Add to that how busy we are, how many times a day the phone rings, and the constant need for things to happen TODAY that take a week or six, and it means I wangle my way through a series of seemingly impossible feats every day.

These feats cannot be accomplished alone. And for this I am thankful for my circle of friends. To wit:

On Christmas Eve eve, Mojonine spent a half hour on the phone talking the boss through the finer points of purchasing electronic drums for his little boy. This was after about ninety minutes hearing him fret and query aloud what the fuck everything was. "Would you like to speak with a drummer?" I ventured. "Do you KNOW a drummer?" he asked. "I'm pretty sure I could put my hands on a drummer." Or twenty, I thought but didn't say. Mojonine helped him in no time.

Three weeks ago, onlyone did a marvelous trick in Photoshop that meant we could sent a photo of our system to a magazine who needed it that day. There would have been no way for me to do it. It involved skewing, rotating, distoring and resizing four different things.

Three weeks ago, Hub gave us the phone number of a venture capitalist that's already been in the office twice to talk about raising capital for us.

Two weeks ago, Sam helped me haul four six-foot table tops and eight heavy file cabinets from the freight elevator to our office so that the boss could rush to return the U Haul van before the garage closed. "He was going to leave you do to this yourself?" Sam asked incredulously at our fifth or sixth trip with a rolling cart Sam had spotted on the third floor.

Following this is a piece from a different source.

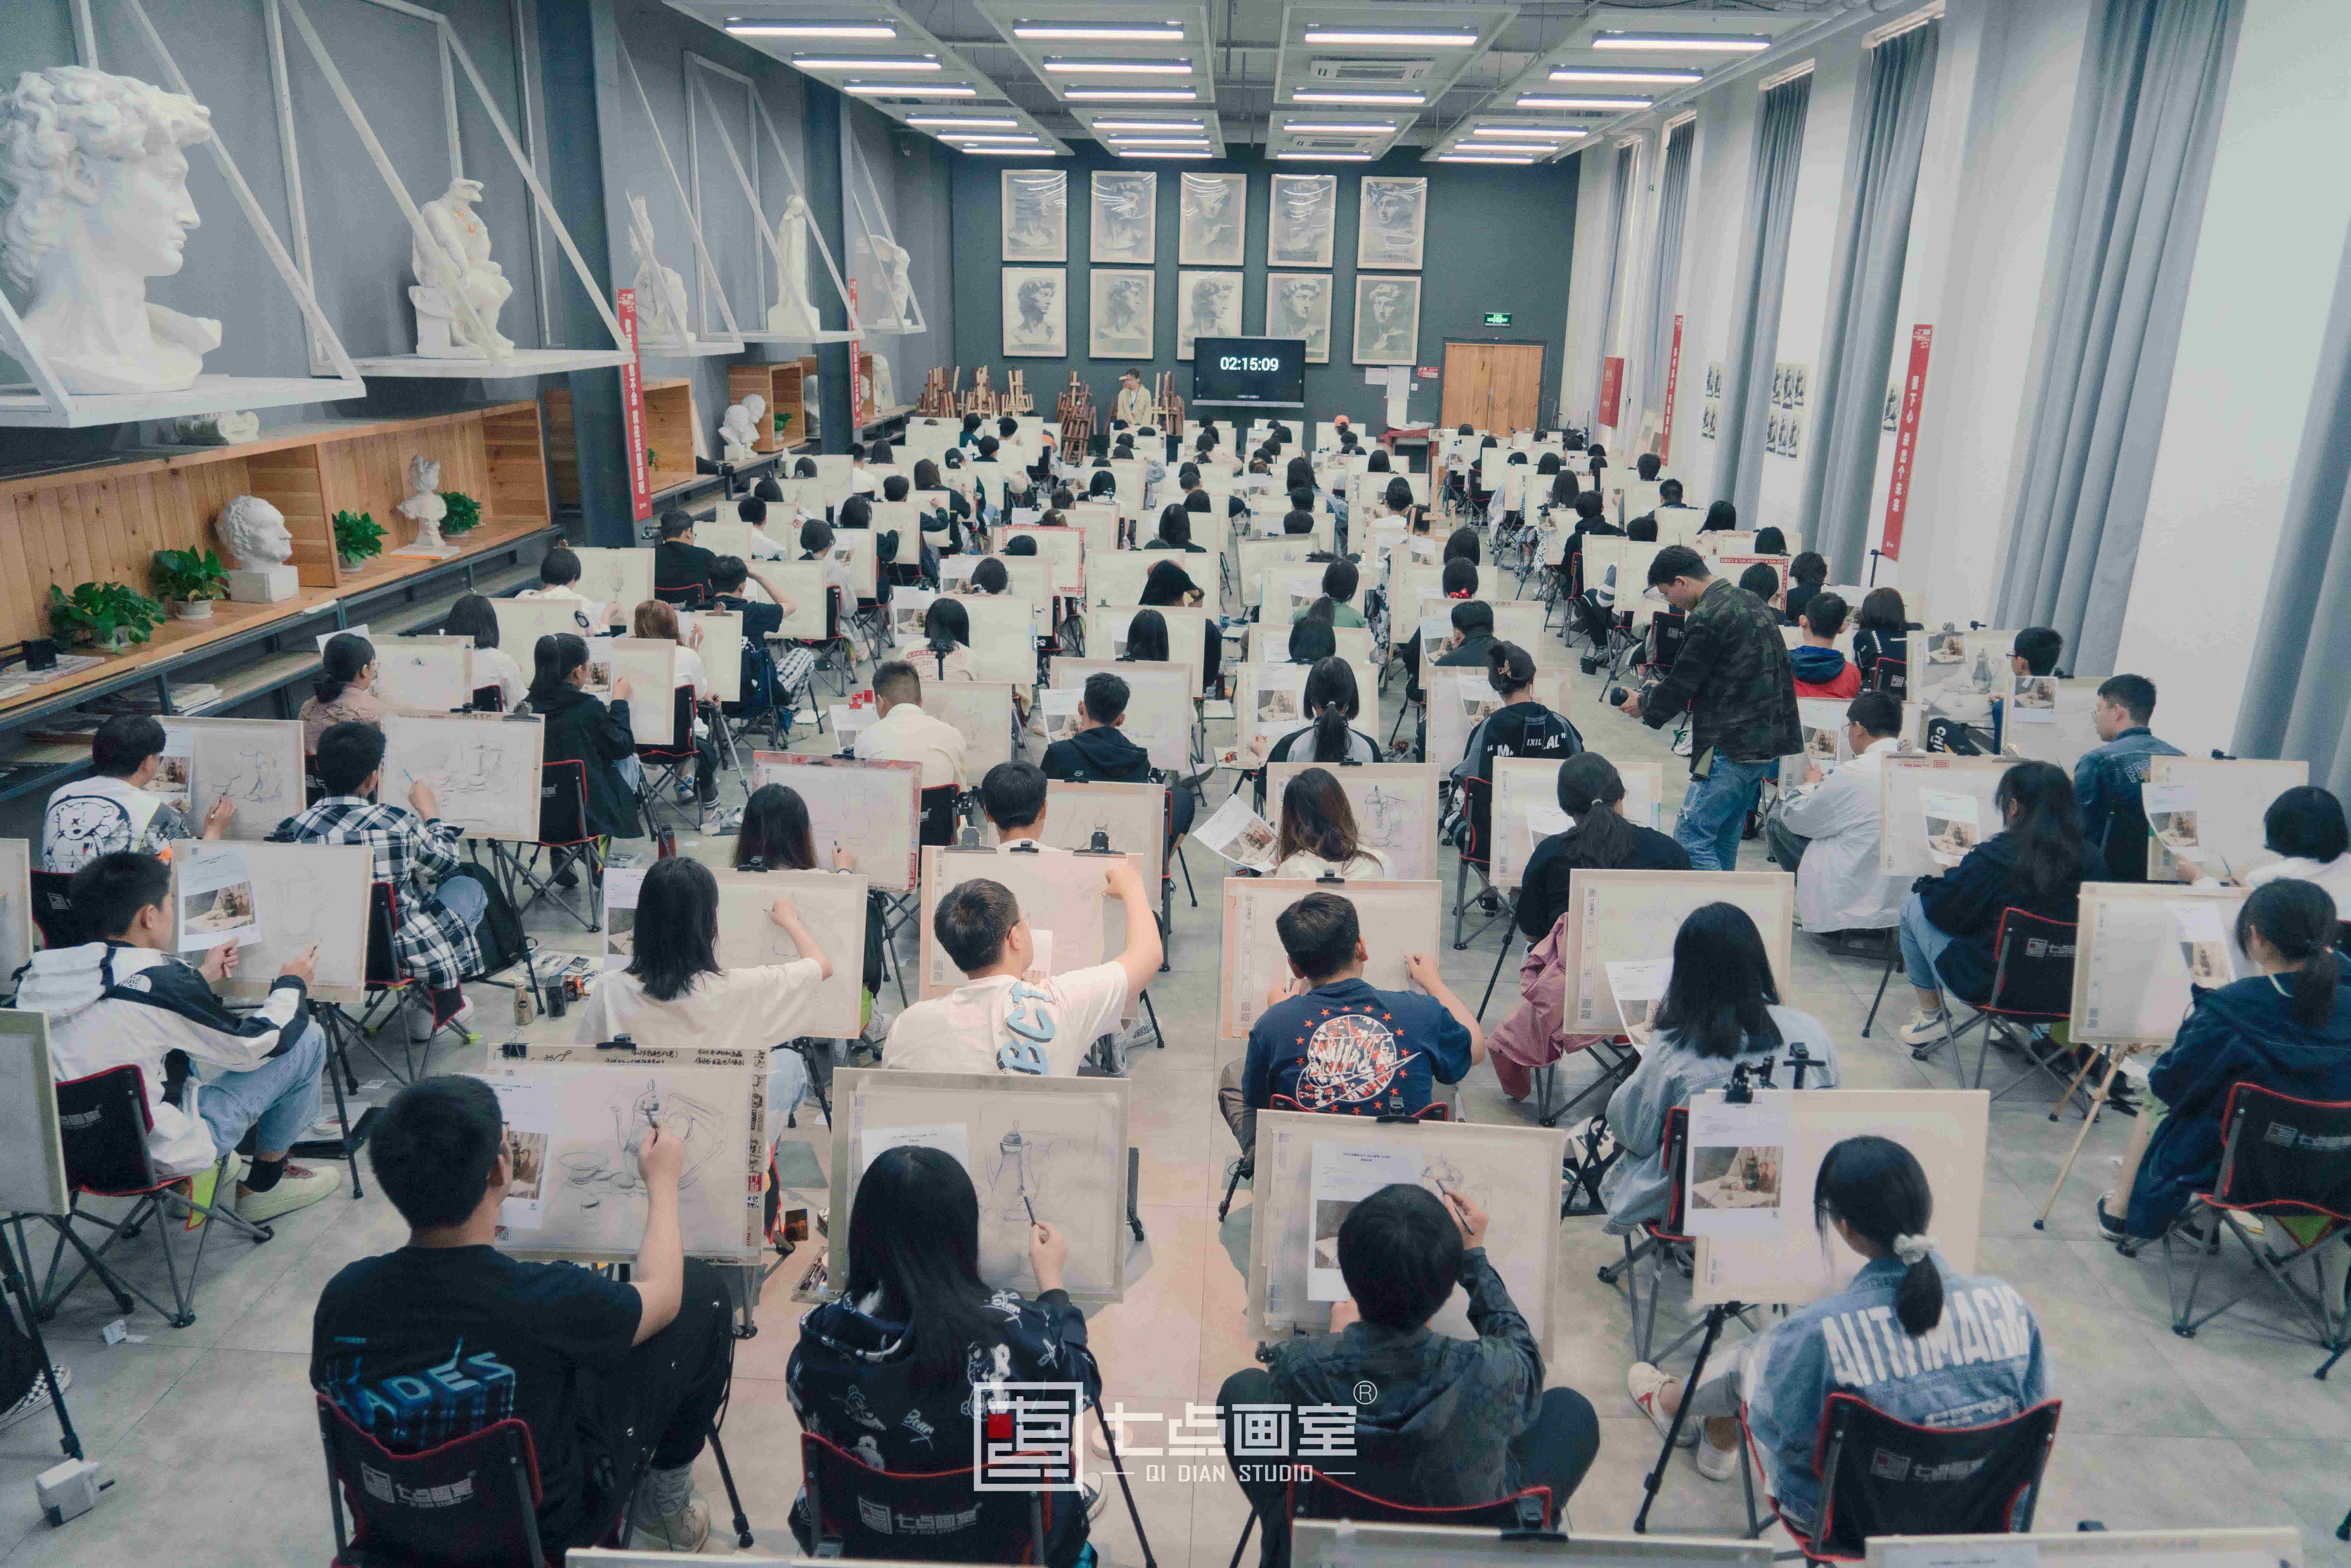 【七点画室第一次月考】朝着梦想,努力追逐!

Tuesday, Neil left his apartment in Medford at 3:30 and managed to get to PCs for Everyone in Cambridge, then to the office in Allston by 4:30, with two Gigabit Ethernet cards that the boss needed for the trip and was going to try (???) to go pick up himself. Then Neil called for a cab, to the cab company for which he dispatches, which is likely the single reason the boss made it to the airport at all.

I must say, the boss handles all these people in stride. I say that shows a spunk and open-mindedness that I quite like.

It's a wikkid fun job.

I really just need to wrestle the wheel away from him sometimes, because he just can't see that the iceberg could have been avoided by better planning and slowing the fuck down.